Heinrich August Winkler
Geschichte des Westens. Die Zeit der Gegenwart.
C.H. Beck

Dienstag, 24.03.2015, 19.30Uhr

Seit dem Ende des Kalten Krieges ist die Welt nicht übersichtlicher und auch nicht friedlicher geworden. Erweiterung und Krise der EU, der 11. September 2001, die Kriege in Afghanistan und Irak, die globale Finanzkrise, der "Arabische Frühling" - das sind nur einige Themen des abschließenden Bandes der Geschichte des Westens von Heinrich August Winkler, die schon jetzt zu den klassischen Werken der Geschichtsschreibung gezählt werden darf.
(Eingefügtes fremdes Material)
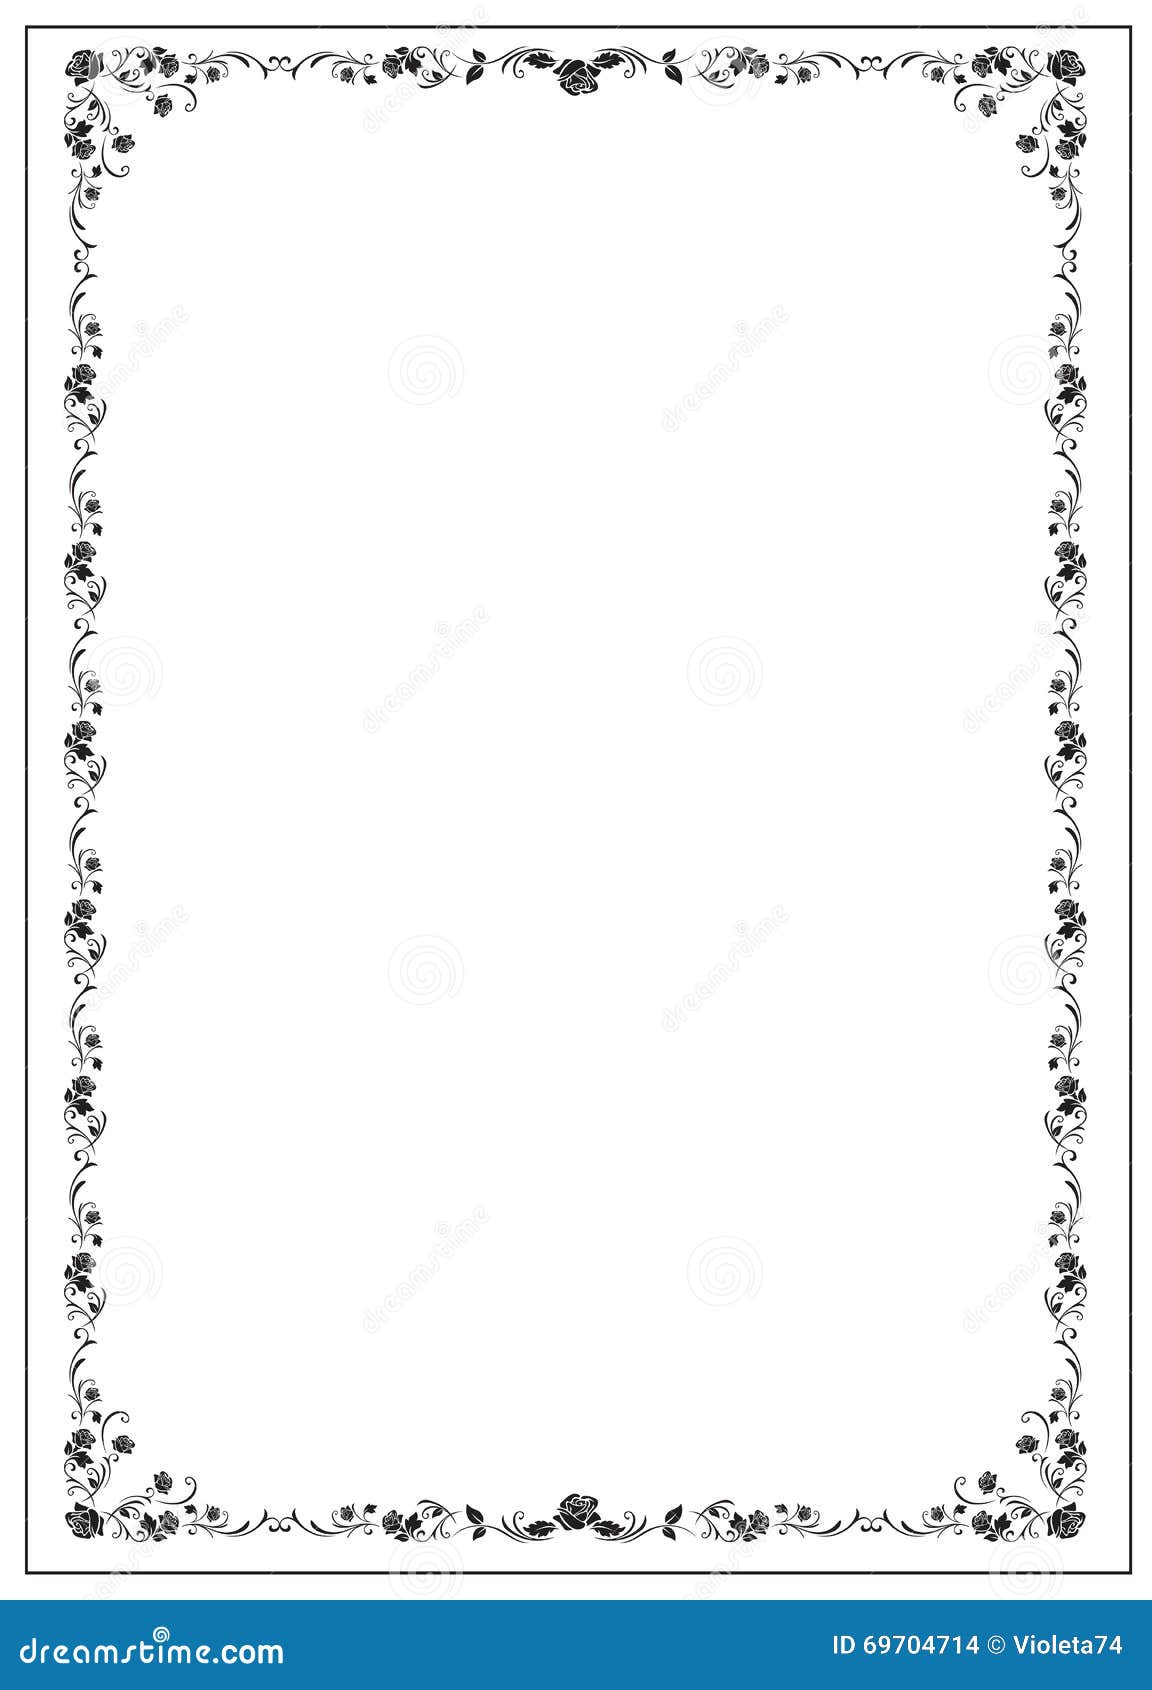 certificate template with floral rose s.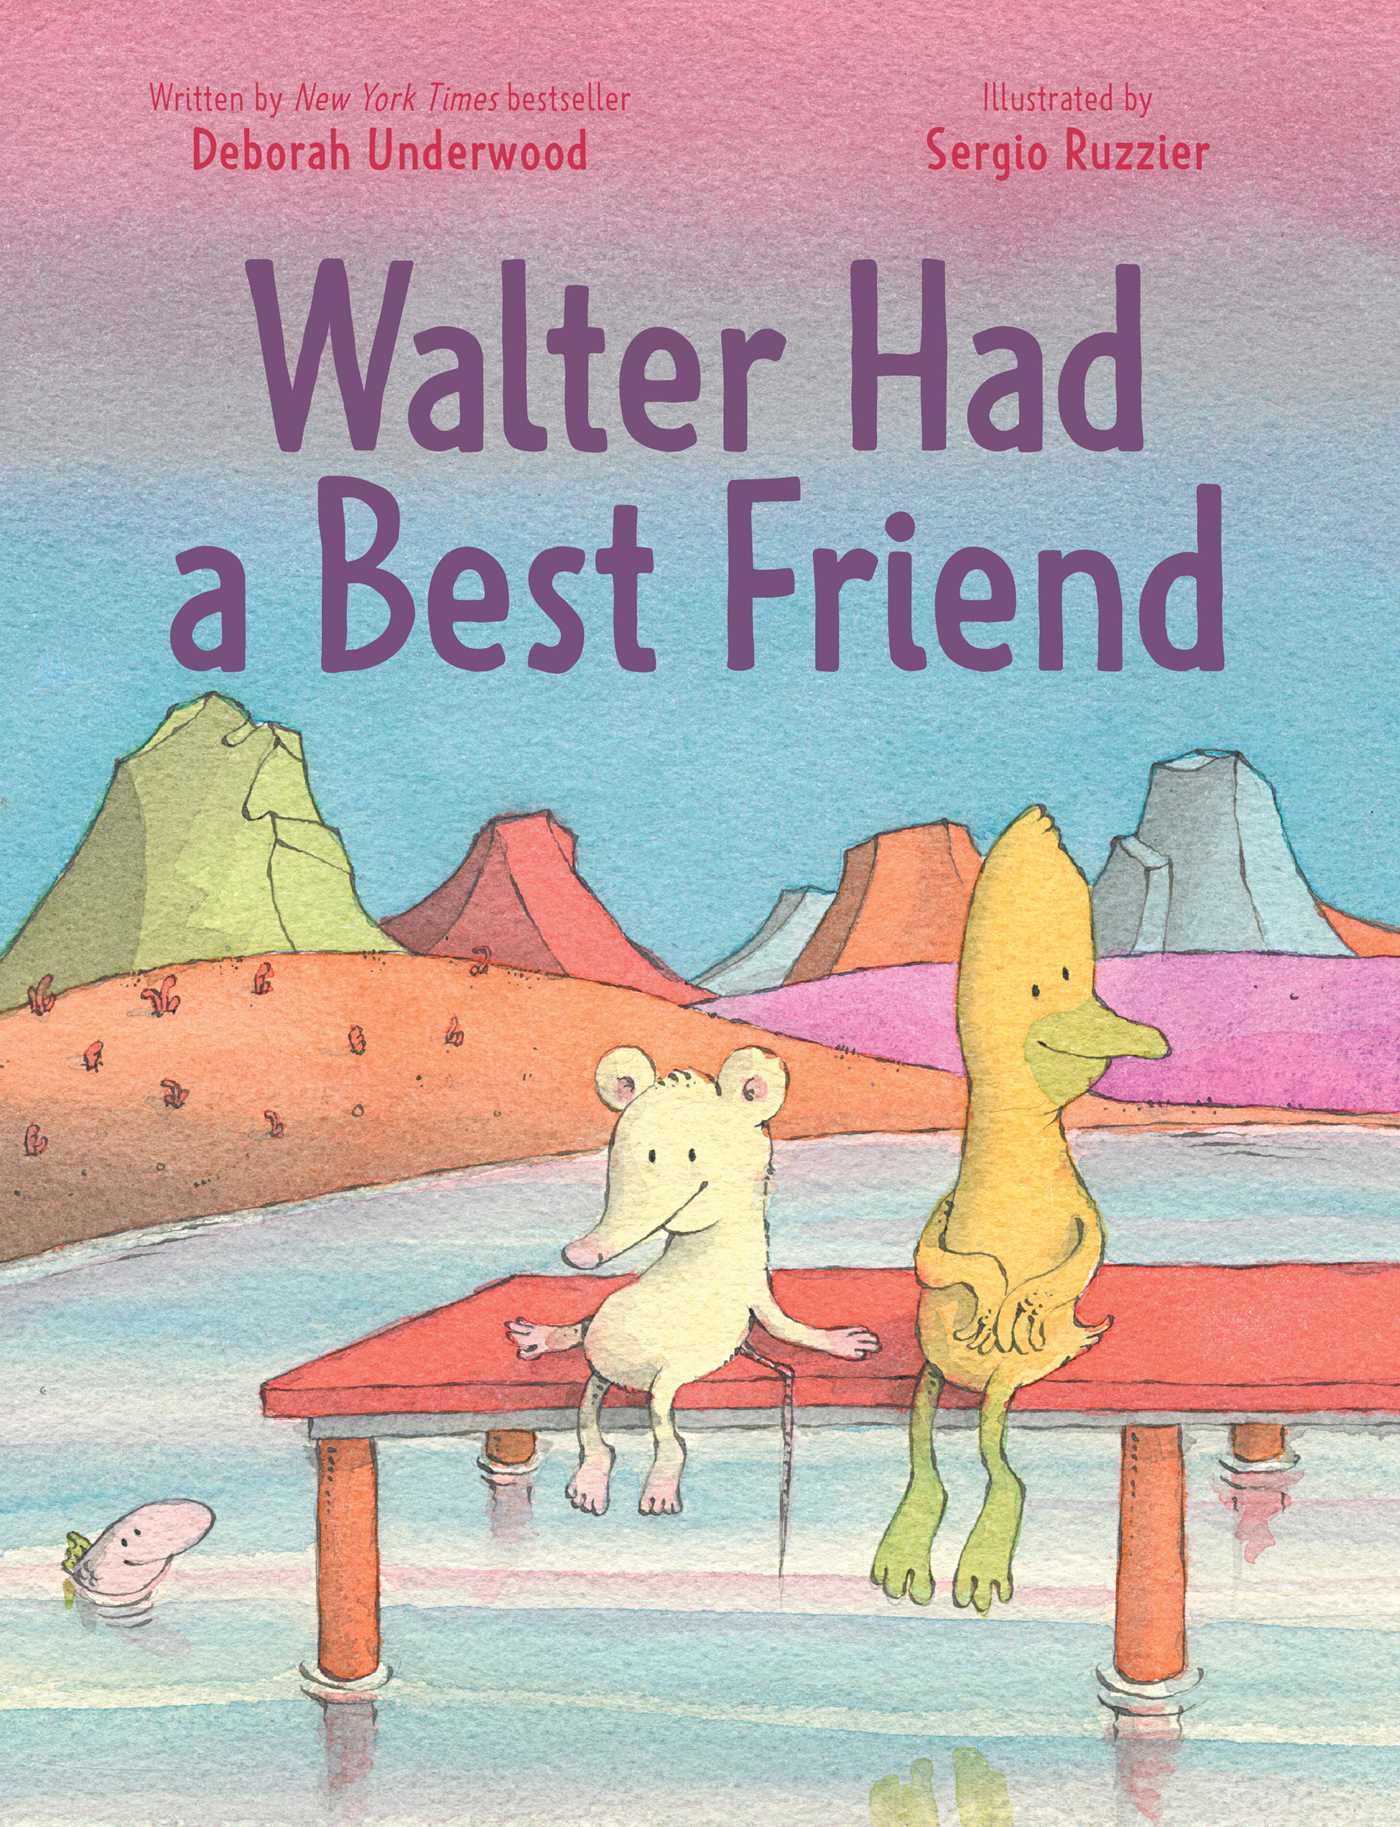 Image for "Walter Had a Best Friend"

Der transatlantische Westen sieht sich heute durch höchst unterschiedliche Kräfte herausgefordert: den islamistischen Fundamentalismus und Terrorismus, eine neoimperiale russische Großmachtpolitik, den Aufstieg der Volksrepublik China zur Weltmacht, das wachsende Gewicht von Indien und Brasilien. Nachrufe auf den Westen aber sind verfrüht: Die Anziehungskraft seines normativen Projekts, der Ideen der Menschenrechte, des Rechtsstaates und der Demokratie, ist weltweit ungebrochen. Heinrich August Winkler führt den Leser im fulminanten letzten Band seiner Geschichte des Westens mitten hinein in die Geschichte unserer Gegenwart - und er zeigt uns eindringlich, was auf dem Spiel steht.

Vortrag und Gespräch

Das Gespräch mit dem Autor führt Christian Richter.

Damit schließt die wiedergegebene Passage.